I would hope that percent symbol is a typo.

It's really unclear from the indicated events what the f' happened to that board. The main argument seems to be that the circuit board had several components removed in crude fashion and then replaced with counterfeits after the crash. If so, then it's not possible to prove the original components in place during the accident/crash were counterfeits. It certainly seems that whatever was done was of such a level of incompetency that one must assume the original configuration was not fit for purpose.

If one is interested in such things, Ken Shirriff has a web site dedicated to identifying and reverse engineering microchips and older circuits and sometimes discovering counterfeits. The fact that this sort of investigation isn't mentioned for the crash unit is perplexing, especially in view of the suggestion there was tampering and counterfeiting. See https://www.righto.com/

The main problem from electrical component counterfeits is old designs that are qualified with certain components. To be known to be reliable for the task a chip is typically on the market for some time, but often this positions them close to end of life, This runs up against a 20-30 year support life requirement and if the board maker doesn't manage a life-time-buy for all the parts they might ever need they start to get pushed to the open market.

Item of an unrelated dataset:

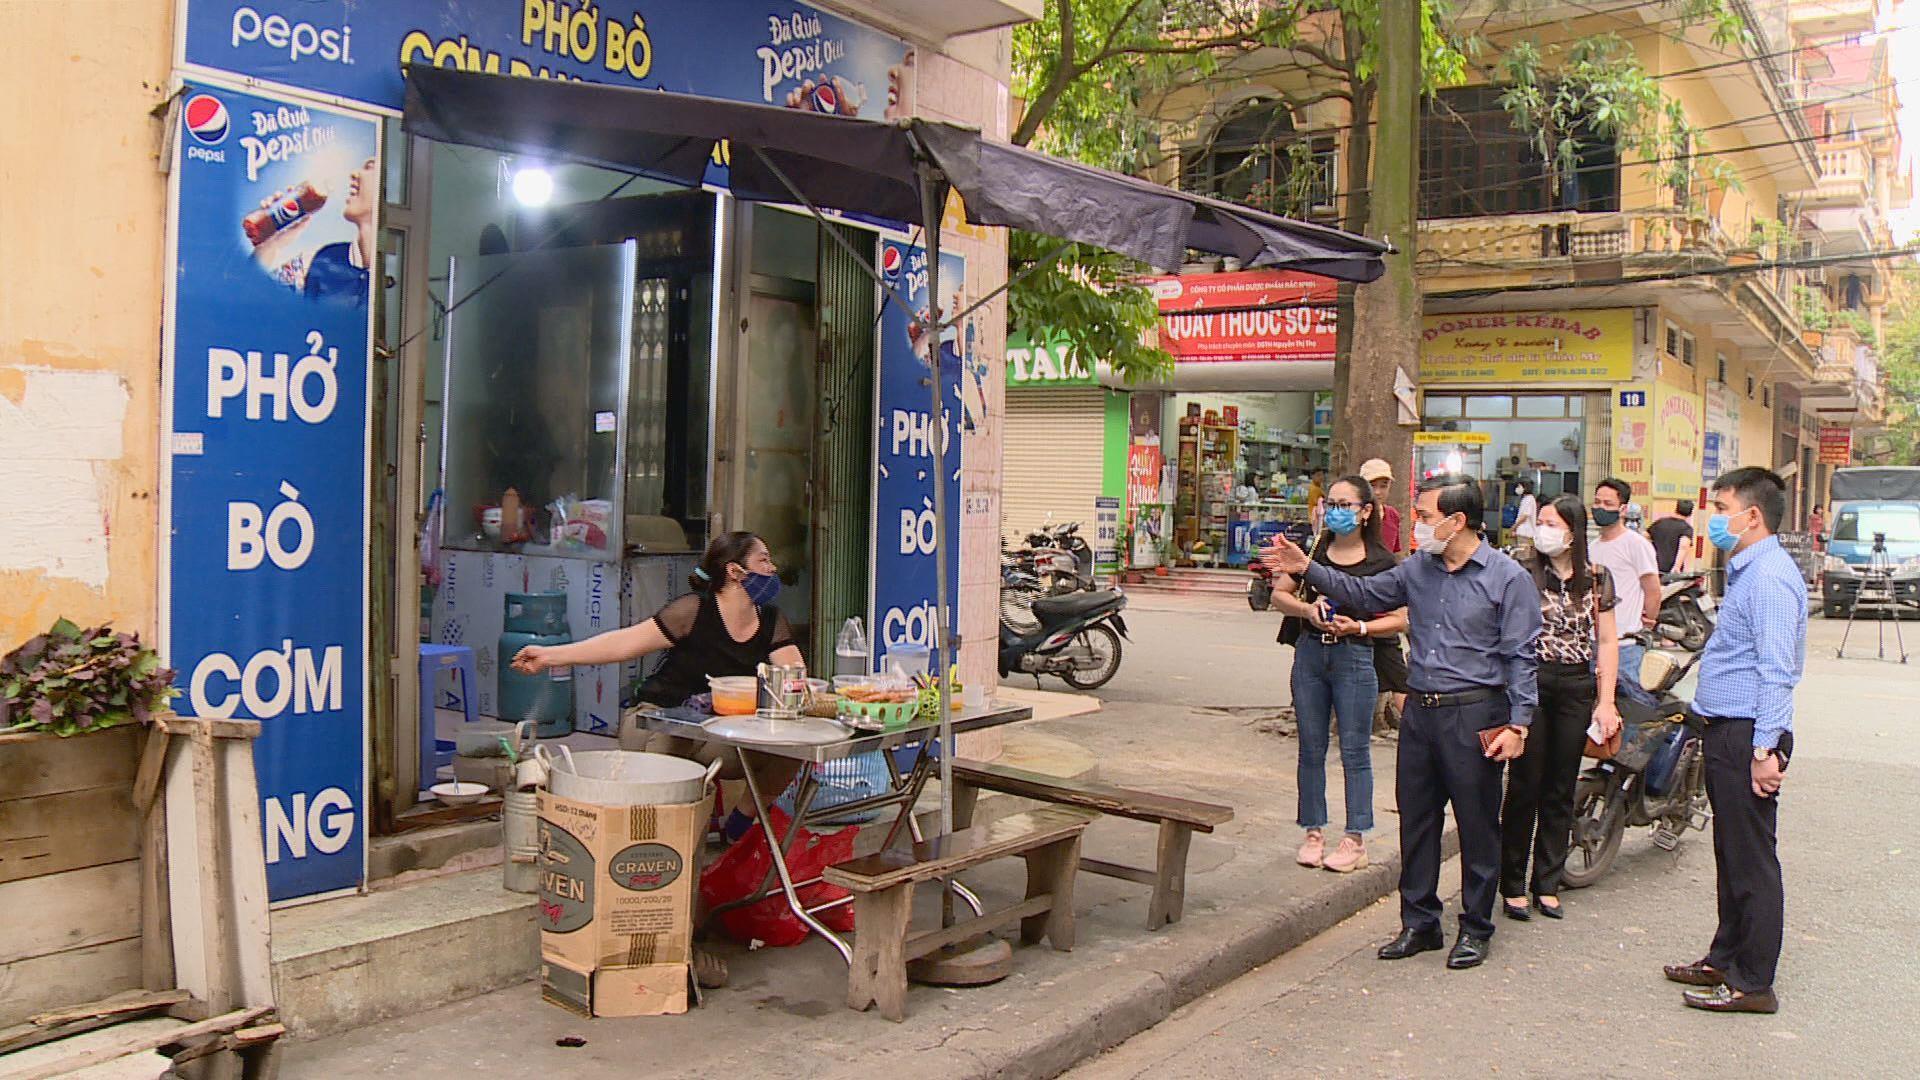 Người dân và cơ sở kinh doanh, thờ tự ủng hộ chủ trương tránh tụ tập đông người tại thành phố Bắc Ninh

Not too bad at 1-5 years, but come 10-20 years and the rate at which antiques are available gets spotty. Worse, when the order for a long-obsolete component goes out it's clear that there is no available substitute and the buyer will spend whatever is necessary short of being a full-redesign and qualification. Enter the pirates. They will sand off markings and apply new ones, sometimes to compatible chips; sometimes to completely different functions.

Again - the complaint is missing significant details to determine any of this but, were I to be looking, the age and the end-of-life production status would be among the first questions I'd ask.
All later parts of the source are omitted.